Solía dormirme mientras estudiaba. Mis párpados se convertían en plomo y comenzaban su irremediable camino hacia el eclipse. La primera vez que me pasó fue frente al libro de latín. Tenía examen al día siguiente. Estudiaba las declinaciones y pasada la medianoche el cansancio me venció e inicié un viaje astral que duró hasta el amanecer. Entonces me sobrevino un sudor repentino y comprendí que no valía para aquello.
Estaba claro que yo no era una lumbrera, sin embargo, a veces la vida me sonreía. Por ejemplo, cuando le vi las tetas a Rebeca S., la chica bandera del instituto. Ella tenía dieciséis años, iba tres cursos por delante de mí y traía locos a todos los chicos. Lo que escondía detrás su sujetador se había convertido en algo más que un buen par de peras. Aquellas tetas eran el mejor embajador de nuestro instituto. Eran mucho mejor que nuestro equipo de futbol, mucho mejor que nuestro uniforme y mucho mejor que aquella aburrida publicidad que enviaban regularmente a nuestros buzones. Nuestro instituto ya no tenía nombre, era el instituto de Rebeca S.
Me costaba horrores empollar. Era sentarme bajo el flexo y salir despedido de la silla a tocar la guitarra, a leer un cómic o a ver cualquier bodrio en la tele, y claro, luego llegaban las notas y las broncas. Una vez mamá no se conformó con decir que aquello era una vergüenza y que si pensaba ser un borrego toda mi vida. Además, escondió mi guitarra. La verdad es que había tantas cifras en rojo en mis calificaciones que mis apellidos en azul destacaban como si fueran fluorescentes. Ni siquiera se me daba bien la gimnasia, pero de ahí a esconderme la guitarra había un buen trecho.
Lo de Rebeca S. fue una suerte. Había accedido de mala gana a ir esa tarde de compras con mamá. Fuimos al centro y ya de vuelta, después de haber comprado los pantalones que yo necesitaba, entramos en una tienda de moda que compartía medianera con una antigua iglesia. Mamá eligió algunas prendas y luego pasó al probador. Yo permanecía fuera esperando, contando cada segundo consumido por el aburrimiento, pero, de repente, la vida me sonrió. Una cortina de otro de los probadores permanecía a medio correr y mi mirada se deslizó furtivamente hacia su interior. Allí, rodeada de un halo de color crema, se destacaba el reflejo del torso de una muchacha de pechos exuberantes. No era otra que nuestra Rebeca S., a la que apenas saludé tímidamente cuando salió. Fue sólo un instante, aunque pasaron semanas antes de que yo pudiera pensar en otra cosa antes de acostarme.

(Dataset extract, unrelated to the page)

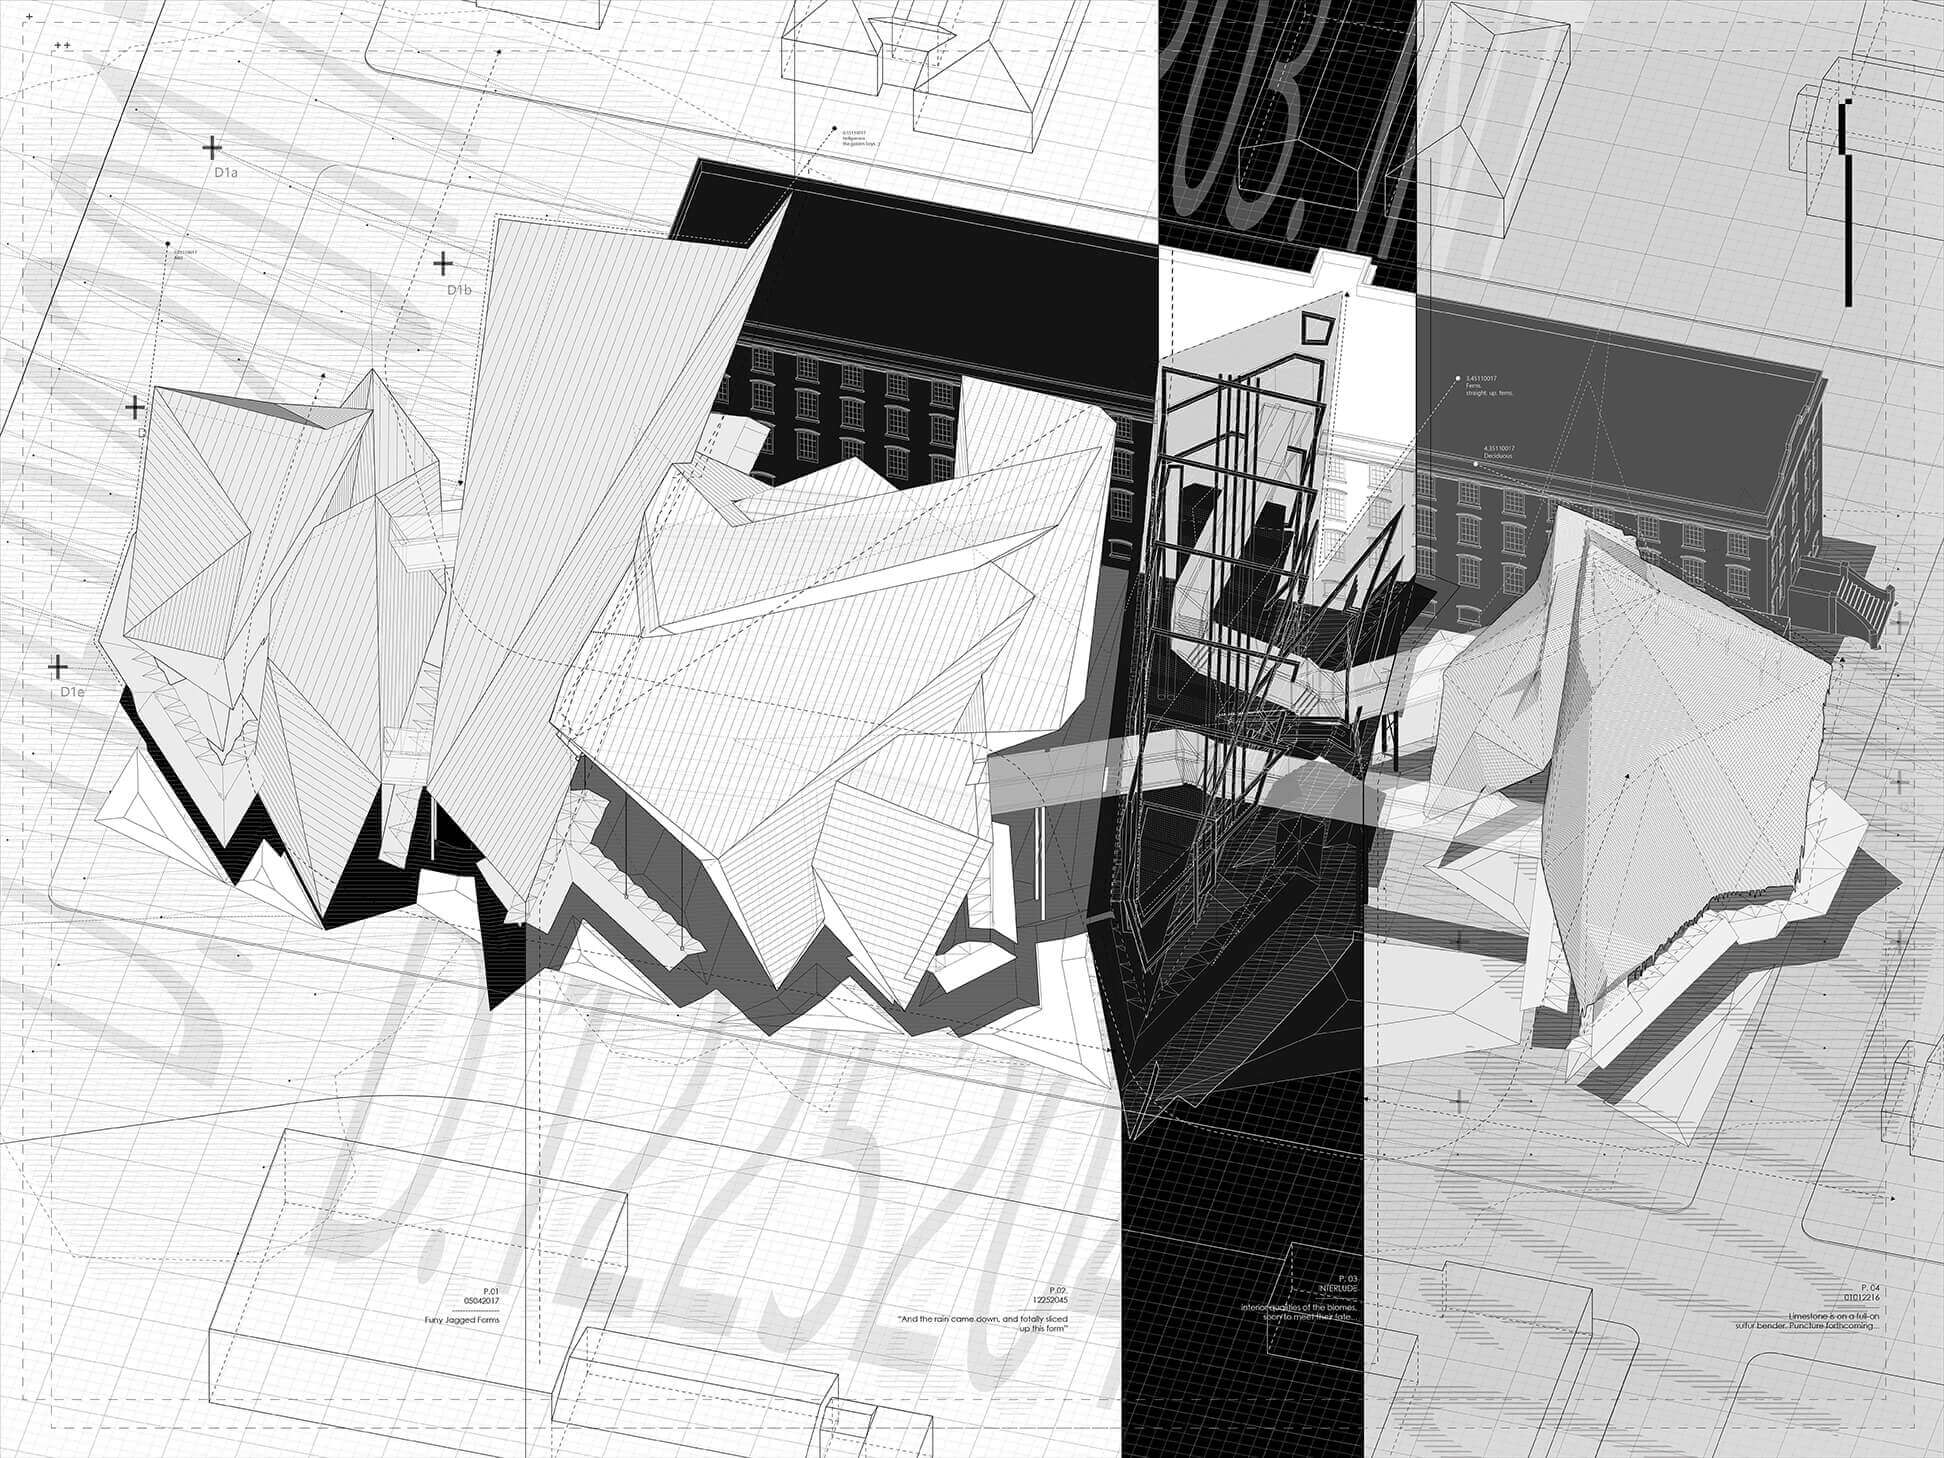 Work by Emily Hertzberg, B.Arch ’17 and Andrew Martens, B.Arch ’17

Revolví toda la casa buscando la guitarra, habitación por habitación. Llegué incluso a mirar dentro de los cajones de la mesilla, en el congelador y debajo de los colchones. Absurdo, lo sé, pero incluso así, todo fue inútil. Llegué a pensar que mamá la había hecho trizas y que después, mezclada con migas de pan, se las había dado de comer a las palomas. Aquello me dolió, no me hubiera importado que me escondieran la tele, pero mi guitarra…
«Has de forjarte un porvenir. Mira a tu hermano que ya es médico», decía mamá. Eso sí que me reventaba. Mi hermano mayor tenía los ojos azules y yo unos simples ojos marrones. Yo me pasaba los días dibujando chicas en bragas en los márgenes de mis libros de texto y él coleccionando libros de cirugía. Sin duda, mi hermano y yo destrozábamos todas las leyes de la genética. A su lado yo parecía un extraterrestre. Yo era E.T. y él Elliot. Yo era el octavo pasajero y él Sigourney Weaver.
Mi guitarra apareció a las tres semanas. Mamá se la había llevado al trabajo. ¡Cómo carajo iba yo a encontrarla así! Mamá y yo nos parecemos mucho en esto. Me refiero a que los dos somos realmente testarudos, si nos empeñamos en una cosa no paramos hasta conseguirla. Yo estaba empeñado en convertirme en una estrella.